*INFORMATION PROVIDED:*
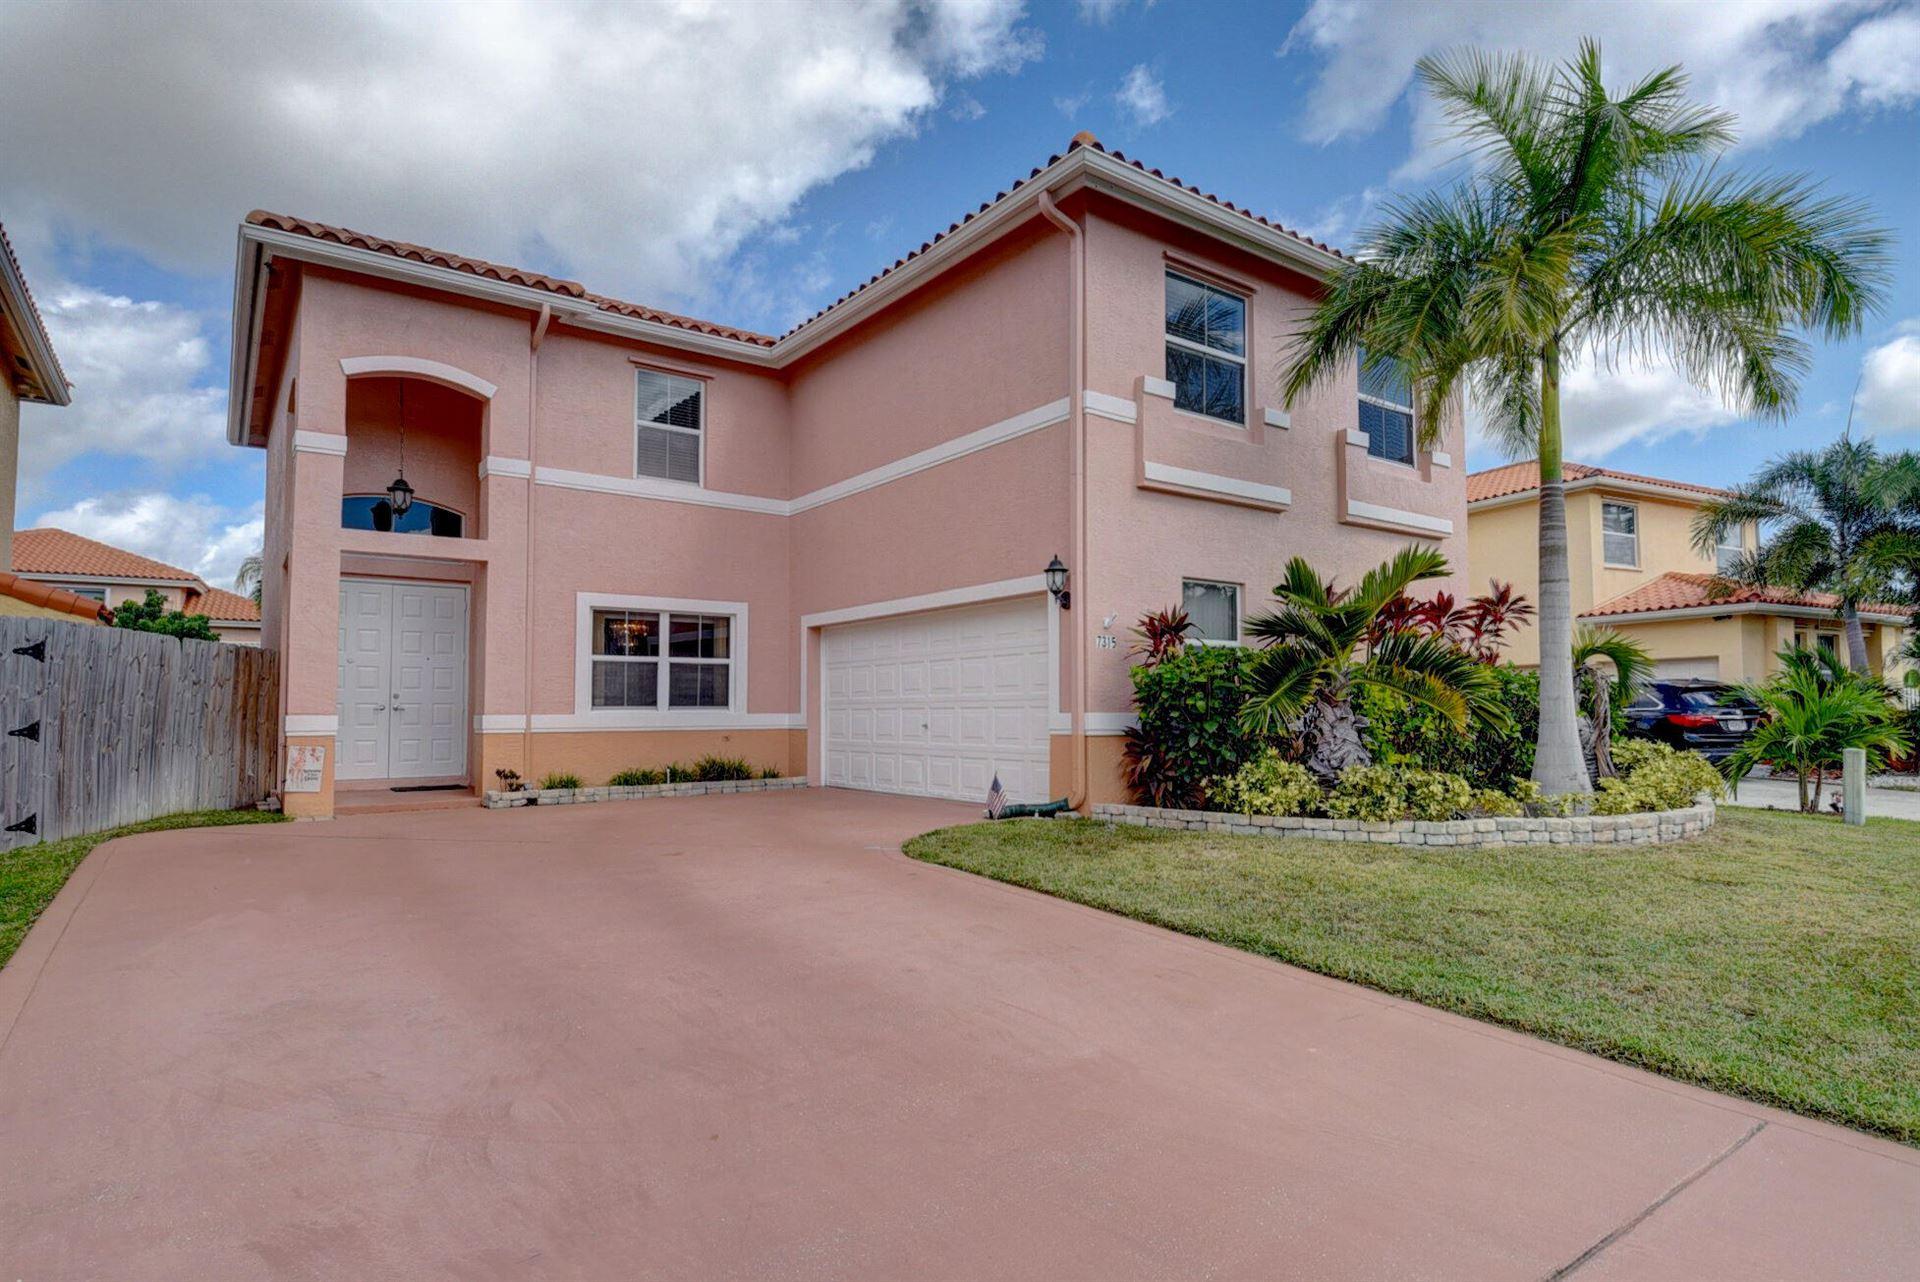 7315 Spinnaker Bay Drive, Lake Worth, FL 33467 - MLS#: RX-10753865
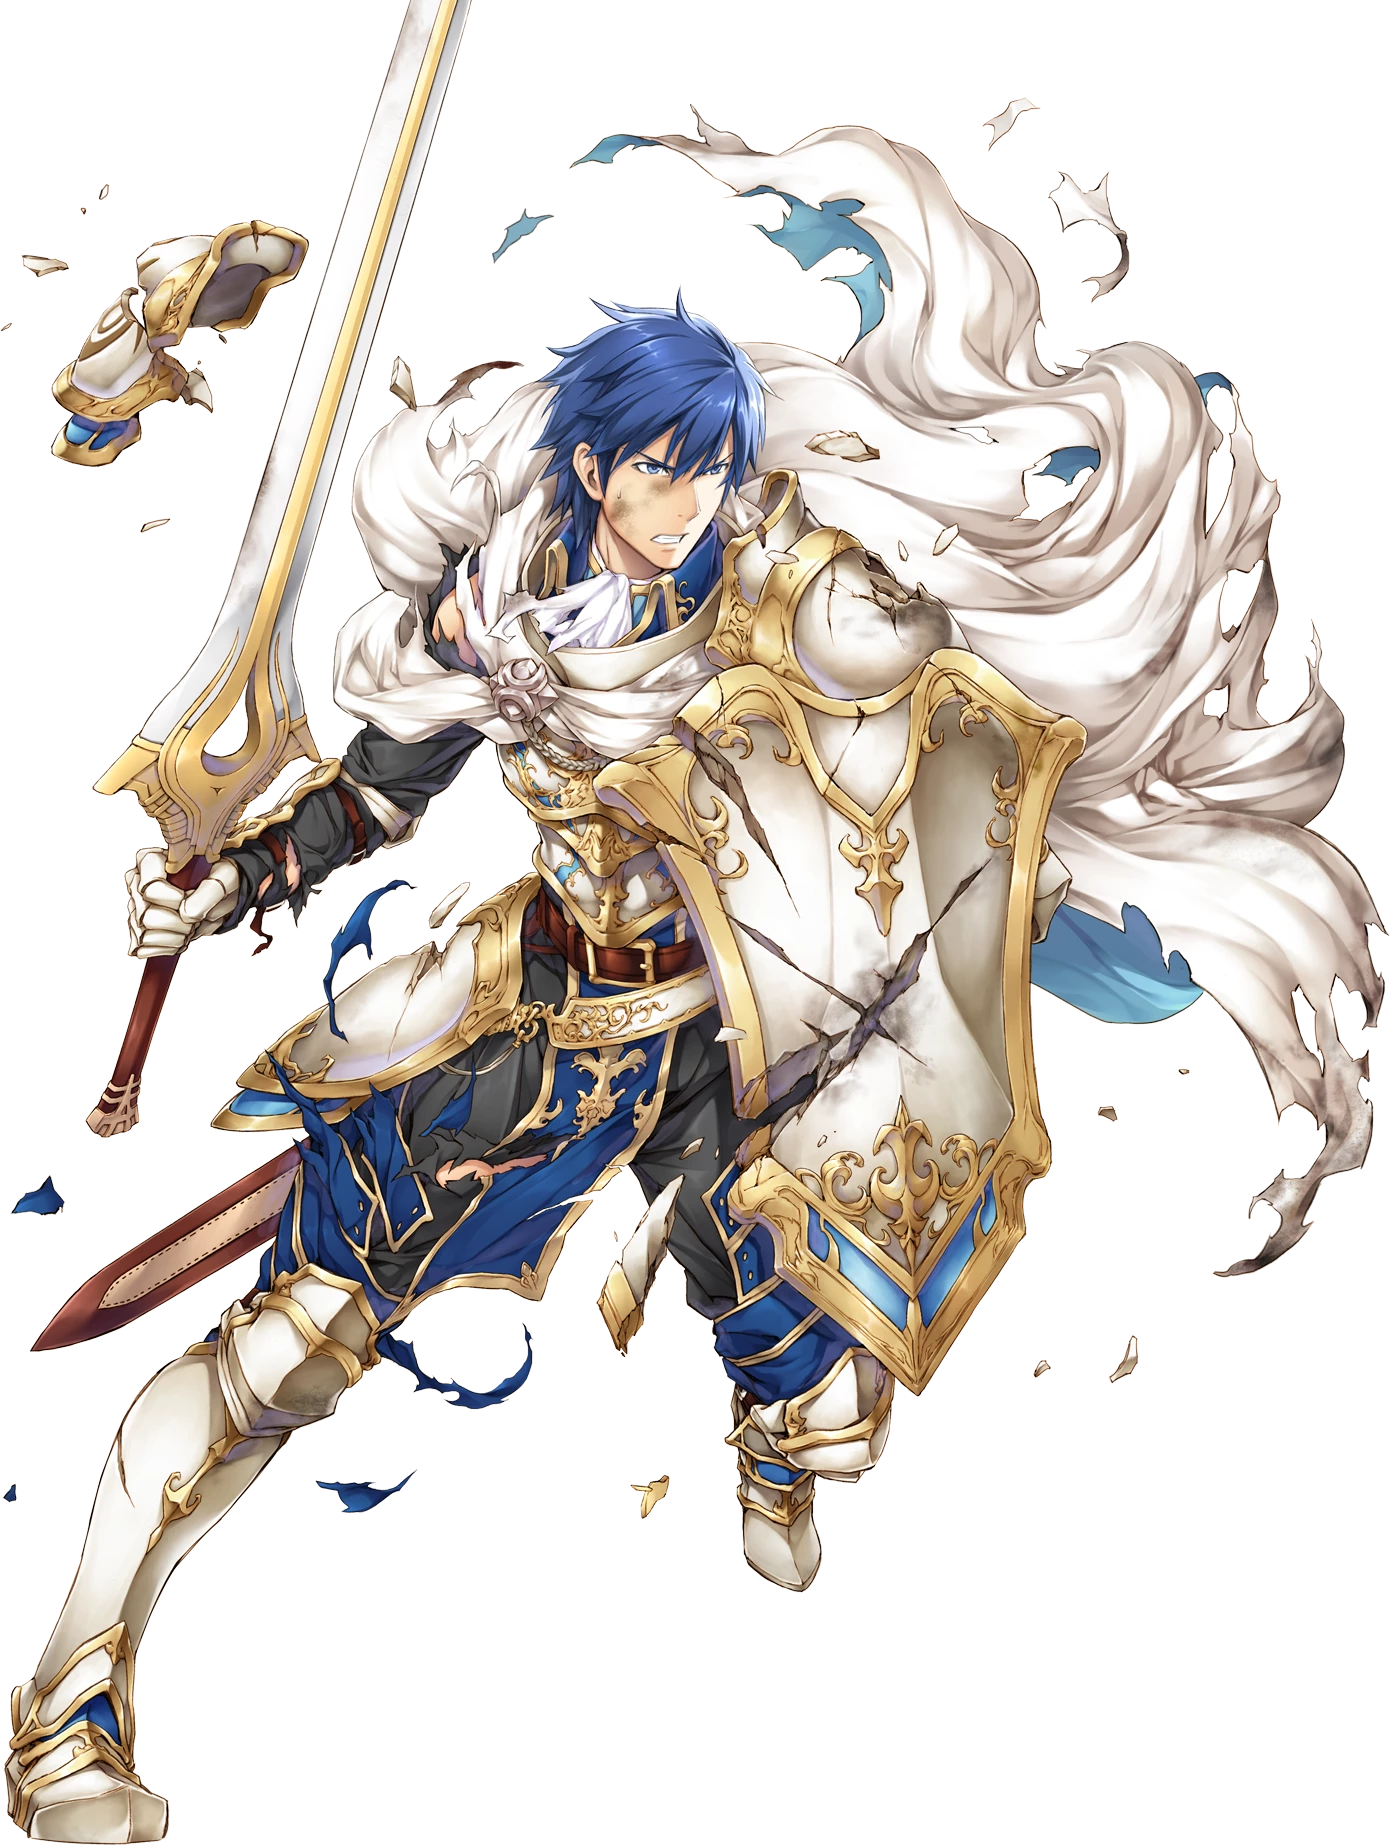 Cool shield Fire emblem, Fantasy character design
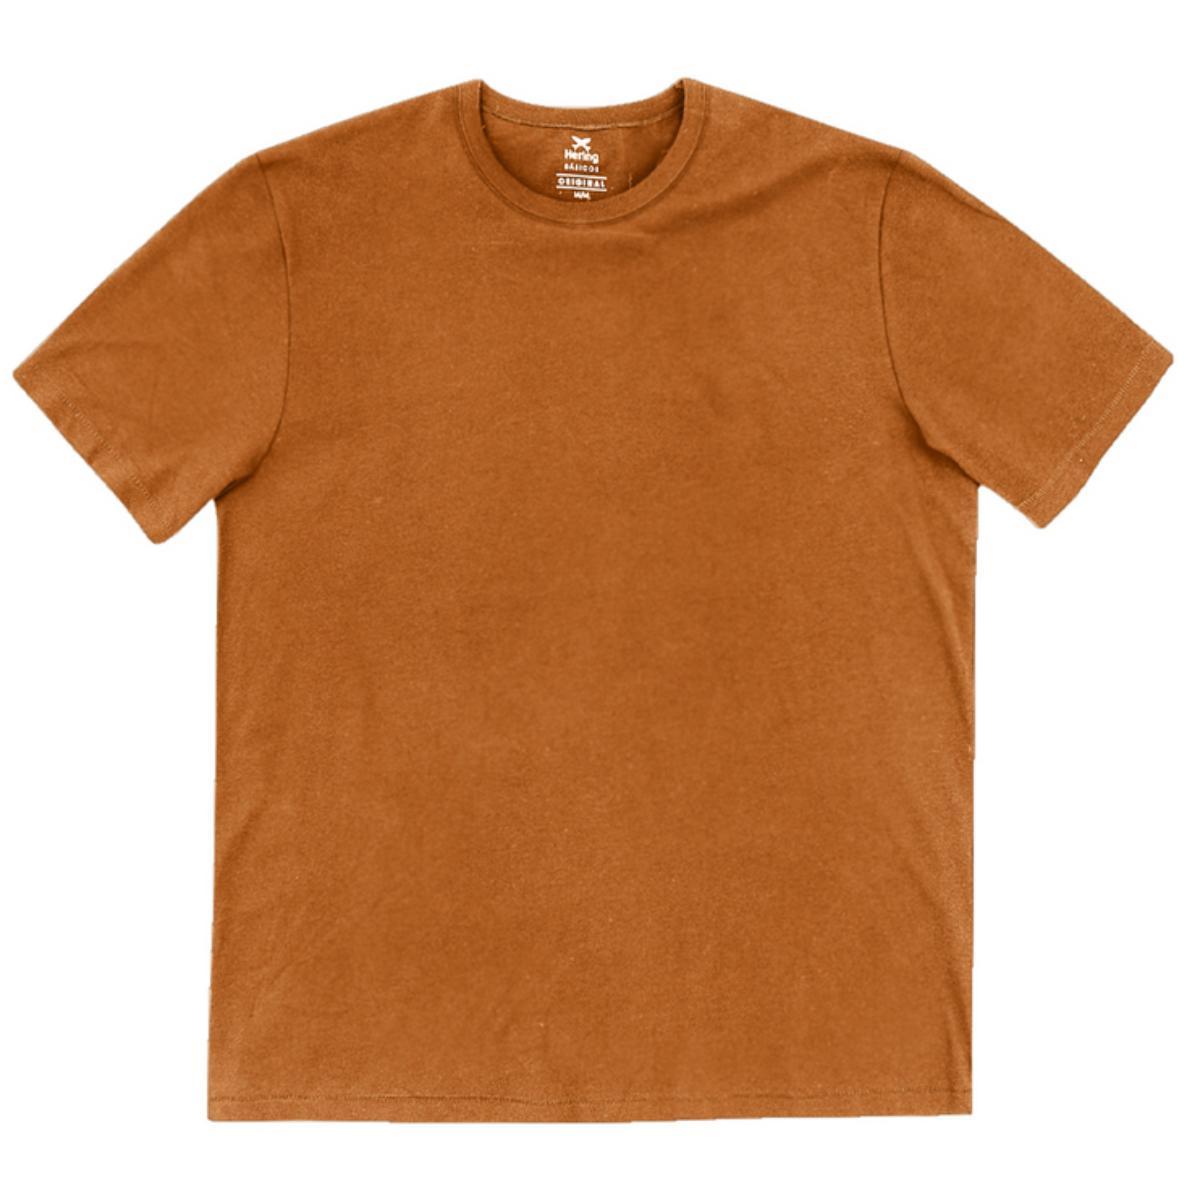 Camiseta Masculina Hering 0299 Yufen Telha

*WORK ORDER:* Print each line above exactly as it appears, excluding all images.

*THE COMPLETED TASK:*
 7315 Spinnaker Bay Drive, Lake Worth, FL 33467 - MLS#: RX-10753865
 Cool shield Fire emblem, Fantasy character design
 Camiseta Masculina Hering 0299 Yufen Telha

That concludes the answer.